**Requirement**
Copy the listing in full and exactly, omitting its images.

**Data excerpt**
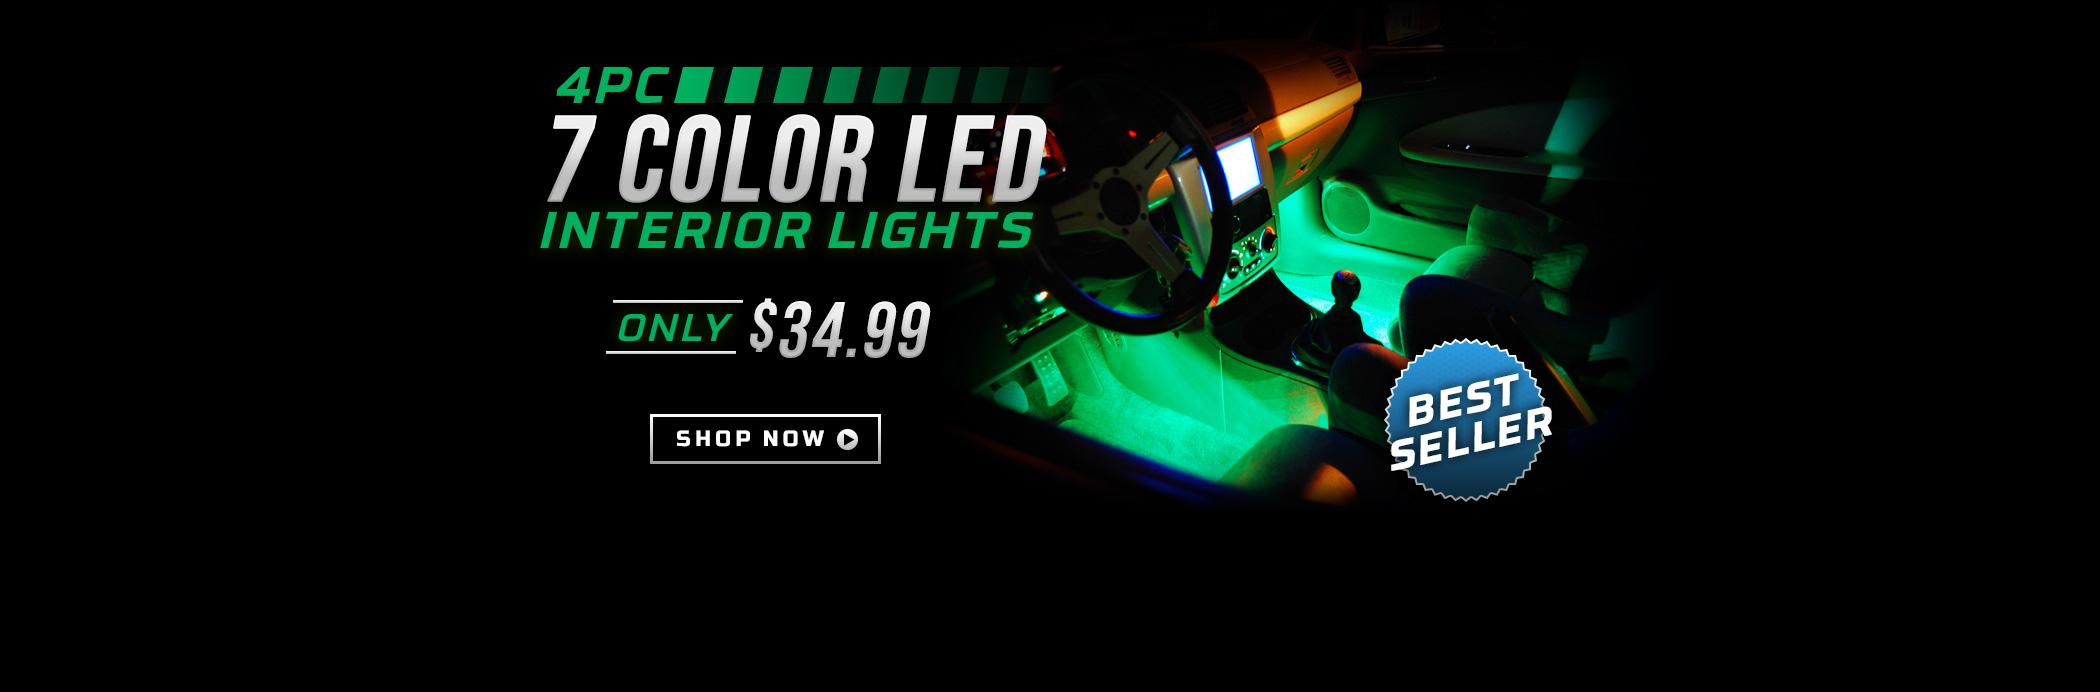 4pc 7 Color LED Interior Lights
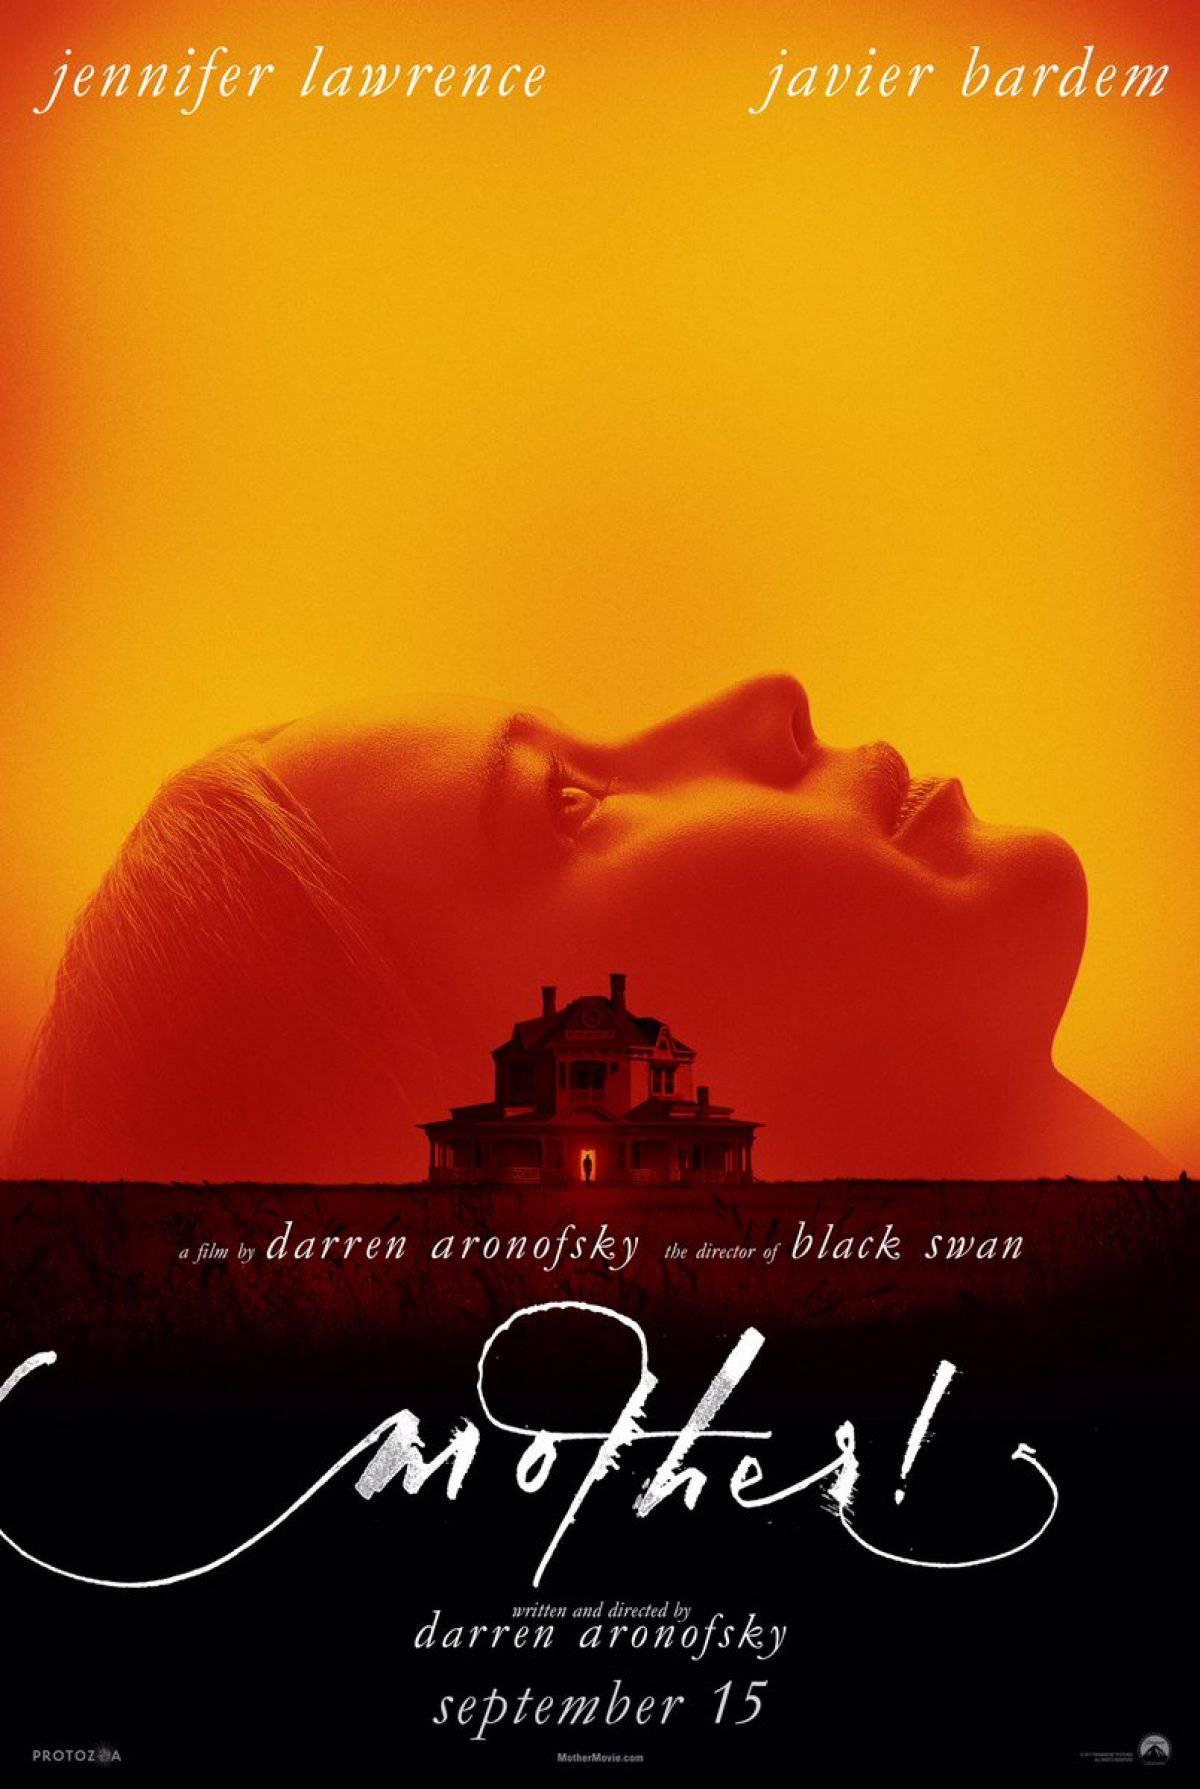 پوستر فیلم مادر! دارن آرونوفسکی
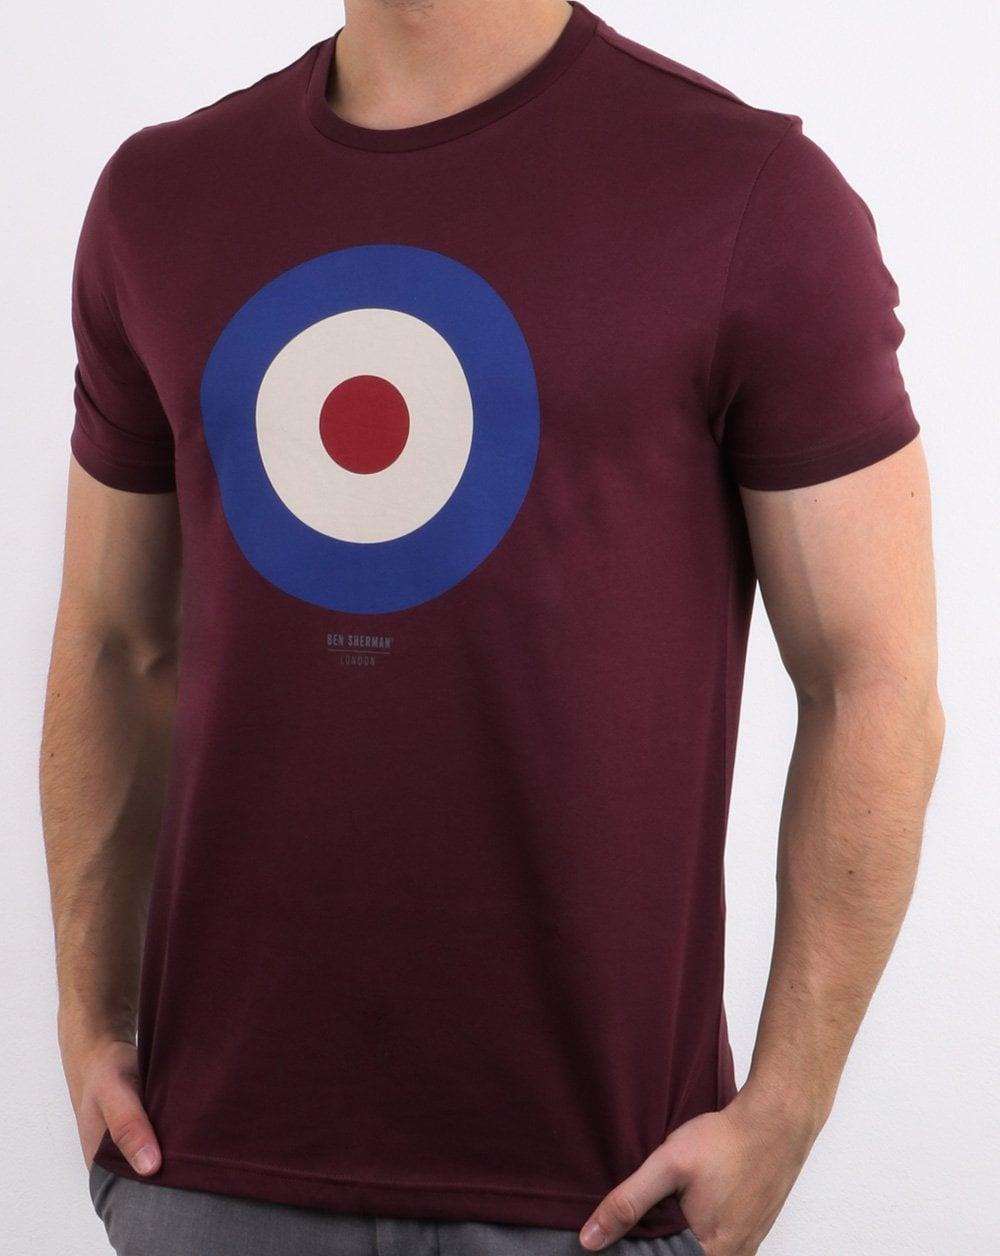 Decir a un lado Petición Aproximación  Ben Sherman Target T Shirt in Burgundy | 80s casual classics

**Exercise response**
 4pc 7 Color LED Interior Lights
 پوستر فیلم مادر! دارن آرونوفسکی
 Decir a un lado Petición Aproximación  Ben Sherman Target T Shirt in Burgundy | 80s casual classics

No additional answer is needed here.